GRAM, Department of Signal Theory and Communications, University of Alcalá, 28805 Alcalá de Henares, Spain.
Sensors (Basel). 2020 May 22;20(10):2953. doi: 10.3390/s20102953.
In this work, we introduce an intelligent video sensor for the problem of Action Proposals (AP). AP consists of localizing temporal segments in untrimmed videos that are likely to contain actions. Solving this problem can accelerate several video action understanding tasks, such as detection, retrieval, or indexing. All previous AP approaches are supervised and offline, i.e. they need both the temporal annotations of the datasets during training and access to the whole video to effectively cast the proposals. We propose here a new approach which, unlike the rest of the state-of-the-art models, is unsupervised. This implies that we do not allow it to see any labeled data during learning nor to work with any pre-trained feature on the used dataset. Moreover, our approach also operates in an online manner, which can be beneficial for many real-world applications where the video has to be processed as soon as it arrives at the sensor, e.g., robotics or video monitoring. The core of our method is based on a Support Vector Classifier (SVC) module which produces candidate segments for AP by distinguishing between sets of contiguous video frames. We further propose a mechanism to refine and filter those candidate segments. This filter optimizes a learning-to-rank formulation over the dynamics of the segments. An extensive experimental evaluation is conducted on Thumos'14 and ActivityNet datasets, and, to the best of our knowledge, this work supposes the first unsupervised approach on these main AP benchmarks. Finally, we also provide a thorough comparison to the current state-of-the-art supervised AP approaches. We achieve 41% and 59% of the performance of the best-supervised model on ActivityNet and Thumos'14, respectively, confirming our unsupervised solution as a correct option to tackle the AP problem. The code to reproduce all our results will be publicly released upon acceptance of the paper.

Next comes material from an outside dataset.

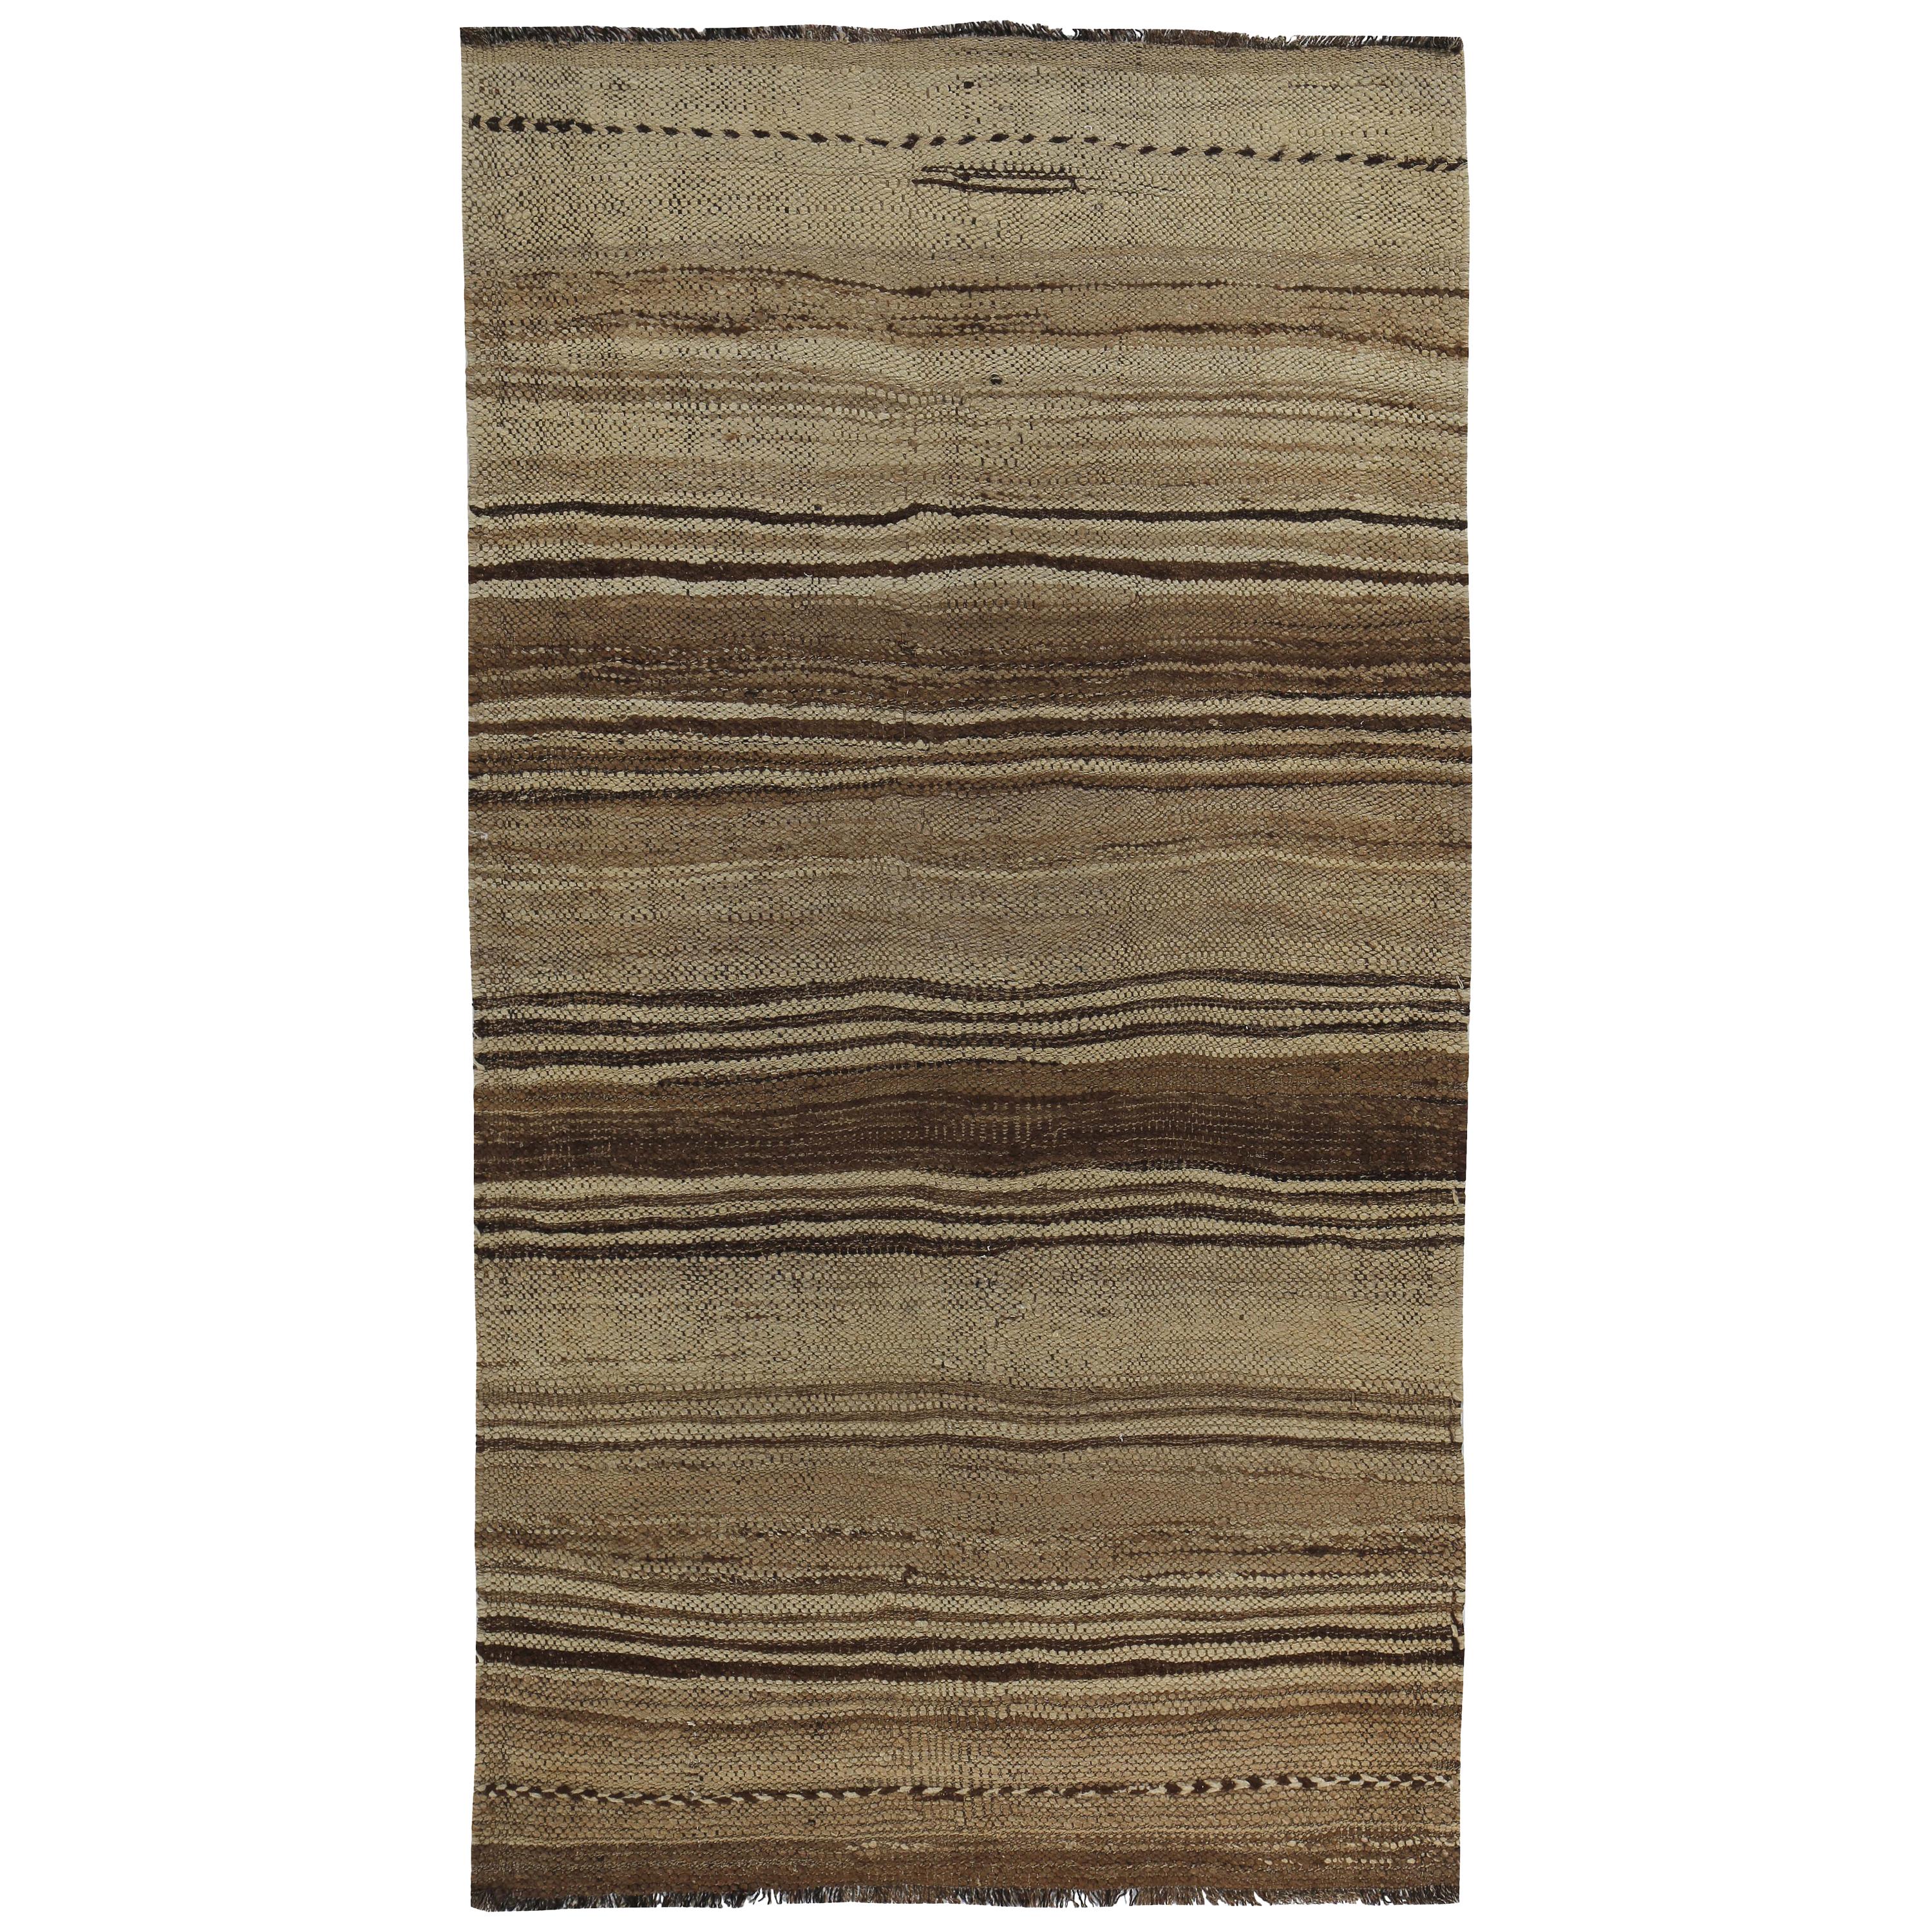 Turkish Kilim Rug with Brown Tribal Stripes on Ivory Field For Sale

在这项工作中,我们引入了一种智能视频传感器,用于解决动作建议(AP)问题。AP 包括在未修剪的视频中定位可能包含动作的时间片段。解决这个问题可以加速几个视频动作理解任务,如检测、检索或索引。以前所有的 AP 方法都是有监督和离线的,也就是说,它们在训练过程中既需要数据集的时间标注,也需要访问整个视频,才能有效地提出建议。我们在这里提出了一种新的方法,与其他最先进的模型不同,它是无监督的。这意味着在学习过程中我们不允许它看到任何有标签的数据,也不允许在使用的数据集上使用任何预先训练的特征。此外,我们的方法还可以在线运行,这对于许多实时应用程序非常有益,例如机器人技术或视频监控,这些应用程序需要在视频到达传感器时立即对其进行处理。我们的方法的核心是基于支持向量分类器(SVC)模块,该模块通过区分连续的视频帧集来生成 AP 的候选片段。我们进一步提出了一种机制来优化和过滤这些候选片段。该过滤器通过对片段的动态进行学习到排序的公式进行优化。我们在 Thumos'14 和 ActivityNet 数据集上进行了广泛的实验评估,据我们所知,这是在这些主要的 AP 基准上首次提出的无监督方法。最后,我们还与当前最先进的有监督 AP 方法进行了全面比较。我们在 ActivityNet 和 Thumos'14 上分别实现了性能最好的有监督模型的 41%和 59%,这证实了我们的无监督解决方案是解决 AP 问题的正确选择。在论文接受后,我们将公开发布重现所有结果的代码。